A spider-like robot developed by researchers from North Carolina State and Cornell University may be the future of robot-assisted farming. A fleet of nimble, coordinated drones developed by Syracuse University could help save lives after natural disasters. And fresh machine learning (ML) models developed at Cornell could help train robots to detect their own missteps by reading reactions from human teammates, like verbal commands or even frustration. 

This trio of robotics projects represents a small sampling of the dizzying 122 projects featured at the Northeastern Robotics Conference (NERC), held Saturday, Oct. 11, in the Statler Hotel and Duffield Hall on the Cornell campus. 

“The feedback has been overwhelmingly positive, and it’s inspiring to see growing enthusiasm for regional conferences like NERC,” said Tapomayukh “Tapo” Bhattacharjee, assistant professor of computer science and NERC faculty lead. “What makes this event special is its focus on the remarkably diverse robotics research ecosystem in the Northeast.” 

The day-long conference – the largest NERC to date, with 250 attendees from around the world – featured four keynote talks from leading robotics researchers, “Rising Star” talks from eight promising early-career scholars, lab demos, and enough robotics research to fill the Duffield Hall atrium, including Unitree’s shadowboxing humanoid and a backflipping robot dog. Cornell Bowers, Cornell Engineering, Fourier, the Robotics and AI Institute, Unitree, Clearpath Robotics, and XDOF sponsored the event.

The keynote speakers were: Laura Herlant, research director at the Robotics and AI Institute; Wendy Ju, associate professor of information science at Cornell Tech, the Cornell Ann S. Bowers College of Computing and Information Science, the Jacobs Technion-Cornell Institute, and the multicollege Department of Design Tech; Anirudhu Majumdar, associate professor of mechanical and aerospace engineering at Princeton University, and Vickie Webster-Wood, associate professor of mechanical engineering at Carnegie Mellon University. 

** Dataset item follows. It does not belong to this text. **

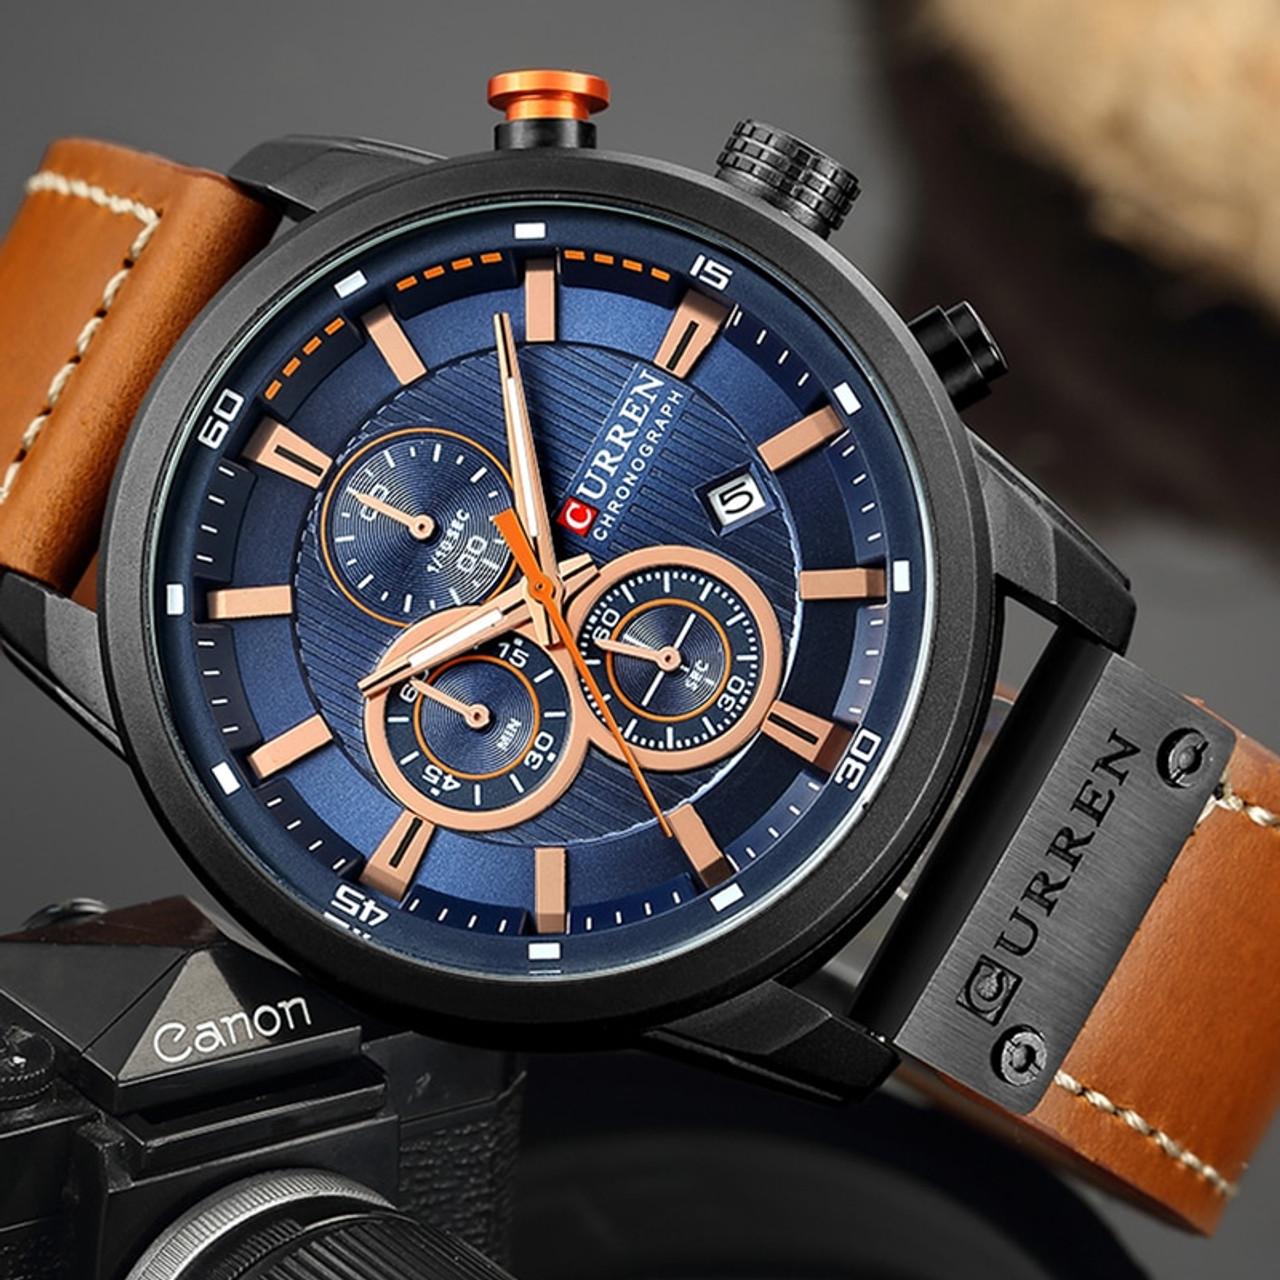 c13a2696b51 Relogio Masculino Curren 8291 Quartz Blue Vogue Business Sports Watches  Luxury Brand Men s Army Military Watch ...

“The talks showcased an impressive range – from soft and bio-hybrid robotics and robot learning to human–robot interaction, planning and control, robot safety, multi-agent coordination, marine robotics, and assistive technologies, to name a few,” Bhattacharjee said. “It’s exciting to see how these areas are converging to push the boundaries of what robots can perceive, learn, and accomplish in the real world."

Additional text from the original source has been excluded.